Department of Physiology and Biophysics, National Defense Medical Center, No 161, Section 6, Min-Chuan East Road, Taipei 114, Taiwan.
BMC Psychiatry. 2010 Aug 18;10:63. doi: 10.1186/1471-244X-10-63.
Over the last few decades, research regarding the age of onset of schizophrenia and its relationship with other clinical variables has been incorporated into clinical practices. However, reports of potential differences in demographic and clinical characteristics between early- and adult-onset schizophrenia spectrum disorders have been controversial. Thus, this study aims to assess differences in demographic and clinical characteristics correlated with age of illness onset in schizophrenia spectrum disorders.
Data were collected from 104 patients with schizophrenia and schizoaffective disorder. Diagnosis was made via structured clinical interviews. Assessments of psychiatric symptoms and social and global functioning were completed. The effect of age of onset on demographic and clinical variables was examined using correlation analyses and binary logistic regression models. We chose 17 years of age as the cut-off for early-onset schizophrenia spectrum disorders based on a recent clinical consensus. We further investigated differences in the severity of psychopathology and other clinical variables between the early- and adult-onset groups.
The binary logistic regression analysis showed that age of onset was significantly related to the cognitive component of the Positive and Negative Syndrome Scale (PANSS) (odds ratio, OR = 0.58; 95% confidence interval, CI = 0.872-0.985; p < 0.001) and Barratt Impulsiveness Scale (BIS) score (OR = 0.94; 95% CI = 0.447-0.744; p = 0.015). Patients with early onset of schizophrenia spectrum disorders had significantly greater levels of cognitive impairment and higher impulsivity. There were significant differences between several demographic and clinical variables, including the negative symptom component of the PANSS (p < 0.001), cognitive component of the PANSS (p < 0.001), BIS score (p = 0.05), and psychological domain of quality of life (QOL) (p = 0.05), between patients with early- and adult-onset schizophrenia spectrum disorders, having controlled for the effect of the current age and duration of illness.

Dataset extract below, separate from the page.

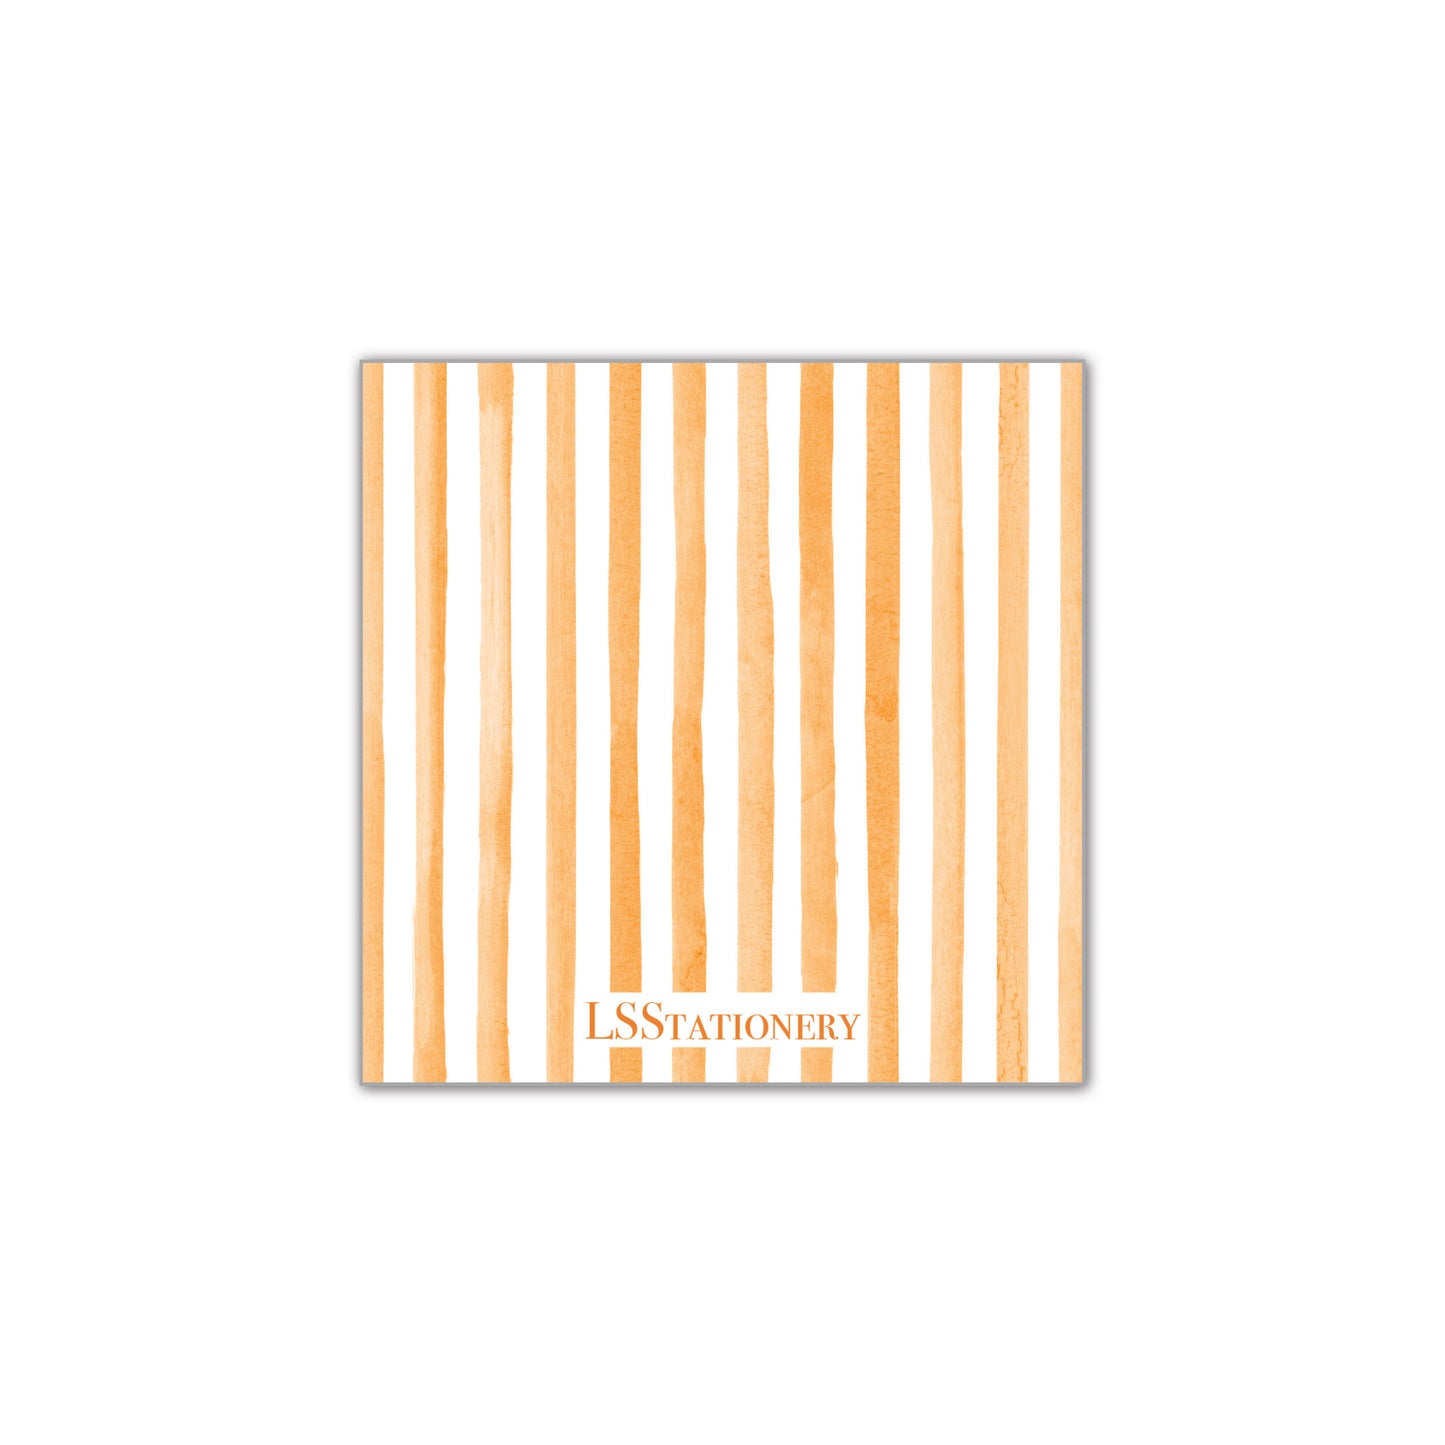 un-BOO-lievable Ghosts - orange stripe Gift Tag

Our findings support the hypothesis of an influence of age of onset on illness course in patients with schizophrenia spectrum disorders. This finding may in fact be part of a separate domain worthy of investigation for the development of interventions for early symptoms of schizophrenia.
在过去几十年中,关于精神分裂症发病年龄及其与其他临床变量关系的研究已纳入临床实践。然而,关于早发性和成年发病精神分裂症谱系障碍之间在人口统计学和临床特征方面可能存在差异的报告一直存在争议。因此,本研究旨在评估精神分裂症谱系障碍发病年龄与疾病相关的人口统计学和临床特征之间的差异。
本研究共纳入 104 例精神分裂症和分裂情感障碍患者。通过结构临床访谈进行诊断。完成了精神病症状和社会及总体功能的评估。使用相关分析和二元逻辑回归模型检查了发病年龄对人口统计学和临床变量的影响。我们根据最近的临床共识,选择 17 岁作为早发性精神分裂症谱系障碍的截断值。我们进一步研究了早发性和成年发病组之间精神病理学严重程度和其他临床变量的差异。
二元逻辑回归分析表明,发病年龄与阳性和阴性症状量表(PANSS)的认知成分(优势比,OR=0.58;95%置信区间,CI=0.872-0.985;p<0.001)和巴雷特冲动量表(BIS)评分(OR=0.94;95%置信区间,CI=0.447-0.744;p=0.015)显著相关。早发性精神分裂症谱系障碍患者的认知障碍程度明显更高,冲动性更高。在人口统计学和临床变量方面存在显著差异,包括 PANSS 的阴性症状成分(p<0.001)、PANSS 的认知成分(p<0.001)、BIS 评分(p=0.05)和生活质量(QOL)的心理领域(p=0.05),这些差异在控制了当前年龄和疾病持续时间的影响后仍然存在。
我们的研究结果支持了发病年龄对精神分裂症谱系障碍患者疾病过程的影响的假说。这一发现实际上可能是值得进一步研究的一个单独领域,以便为精神分裂症的早期症状开发干预措施。